Start by going on the demo dataset download web page.http://rsat.scmbb.ulb.ac.be/rsat/data/neat_tuto_data/ and downloading the MIPS complex network file (complexes_rm_00_ad_00.tab) and the complexes (mips_complexes.tab).
alter-graph -v 1 -i complexes_rm_00_ad_00.tab \ -rm_edges 10% -add_edges 10% \ | cut -f 1,2 | grep -v ';' > complexes_rm_10_ad_10.tabRe-use this command, but modify the percentage of removed (-rm_edges 50%) and added edges (-add_edges 100%).
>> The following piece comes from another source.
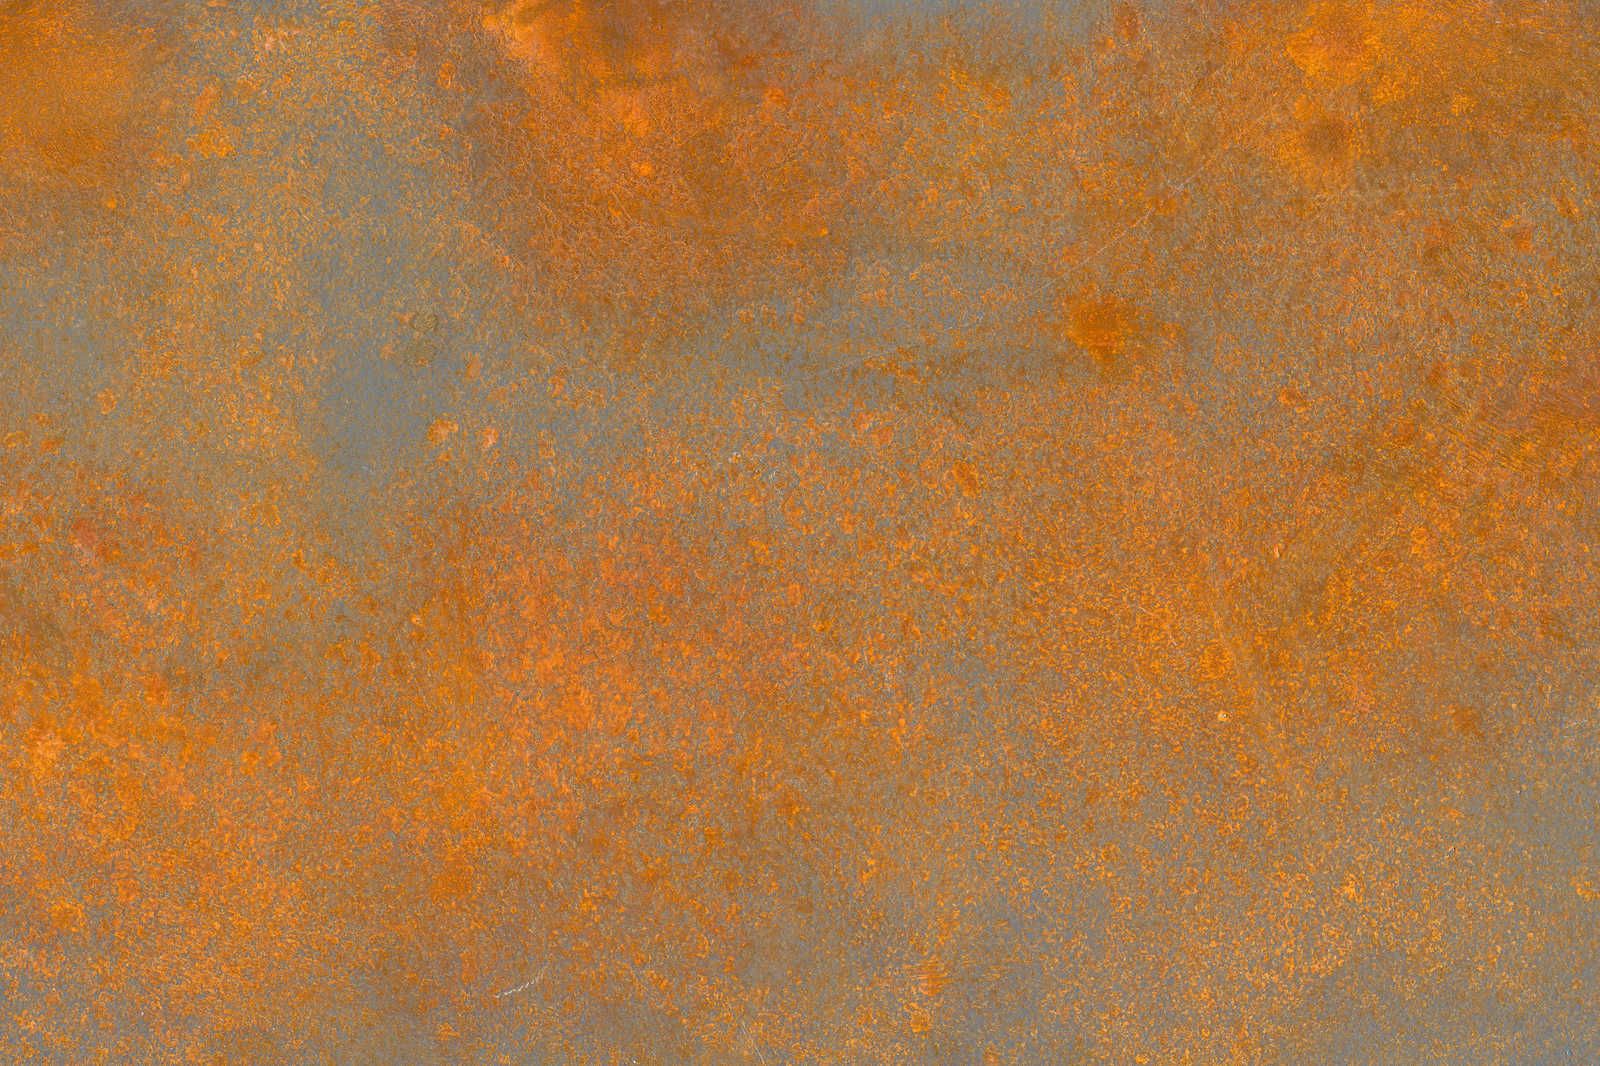             Rostoptik Leinwandbild Orange Braun mit Used Look – 1,20 m x 0,80 m

Save the resulting file with name complexes_rm_50_ad_100.tab.
random-graph -v 1 -i complexes_rm_00_ad_00.tab \ -random_type node_degree \ | cut -f 1,2 | grep -v ';' > complexes_rm_00_ad_00_random.tab
mcl complexes_rm_00_ad_00.tab \ --abc -I 1.8 -o complexes_rm_00_ad_00_clusters.mcl
convert-classes -i complexes_rm_00_ad_00_clusters.mcl -from mcl -to tab -o complexes_rm_00_ad_00_clusters.tab
compare-classes -q complexes_rm_00_ad_00_clusters.tab \ -r mips_complexes.tab \ -matrix QR \ -o complexes_rm_00_ad_00_clusters_cc_complexes_matrix.tab
contingency-stats -i complexes_rm_00_ad_00_clusters_cc_complexes_matrix.tab \ -o contigency_stats_ad_00_rm_00.tab
Repeat these steps for complexes_rm_10_ad_10.tab, complexes_rm_50_ad_100.tab and complexes_rm_00_ad_00_random.tab and save the resulting files under the names contigency_stats_ad_10_rm_10.tab, contigency_stats_ad_50_rm_100.tab, contigency_stats_ad_00_rm_00_random.tab, respectively.
We will now compare the performances of MCL when applied to networks containing an increasing proportion of noise or no signal at all.
See the previous chapter (Graph clustering) for a complete description of a contigency table.
The table summarizes the kind of values that should be obtained for the metrics described in the previous section. As the alteration and the randomization procedure are random processes, you should not obtain exactly the same results.
# | true | ad10 / rm10 | ad100 / rm50 | random |
---|---|---|---|---|
ncol | 125 | 114 | 713 | 361 |
nrow | 220 | 220 | 220 | 220 |
mean | 0.0569 | 0.0624 | 0.00998 | 0.0197 |
Sn | 0.998 | 0.985 | 0.418 | 0.291 |
PPV | 0.884 | 0.836 | 0.867 | 0.459 |
acc | 0.941 | 0.91 | 0.642 | 0.375 |
acc_g | 0.939 | 0.907 | 0.602 | 0.365 |
Sn_w | 0.997 | 0.992 | 0.502 | 0.157 |
PPV_w | 0.621 | 0.62 | 0.688 | 0.244 |
acc_g_w | 0.787 | 0.785 | 0.588 | 0.196 |
sep_r | 0.567 | 0.507 | 0.676 | 0.192 |
sep_c | 0.998 | 0.979 | 0.208 | 0.117 |
sep | 0.752 | 0.704 | 0.375 | 0.15 |
As expected, the value of the global parameters, the geometric accuracy (row acc_g), the weighted geometric accuracy (row acc_g_w) and the separation (row sep) decrease drastically as the network contain less and less relevant information.
We can observe that the sensitivity is more affected than the PPV and that the complex wise separation (sep_r) is more affected than the cluster wise separation. This is due to the fact that by increasing the noise, MCL increases the number of small sized clusters (ncol) too and, as we saw in previous section, this has an impact on the sensitivity.
Note that with a random graph, we would have a separation of 0.15 but an unweighted geometric accuracy of 0.365 which is far from being 0. The relatively good performances of MCL on the highly altered graph must thus be taken with caution as the gain in performances is only of 23%. This illustrates the interest of using negative controls.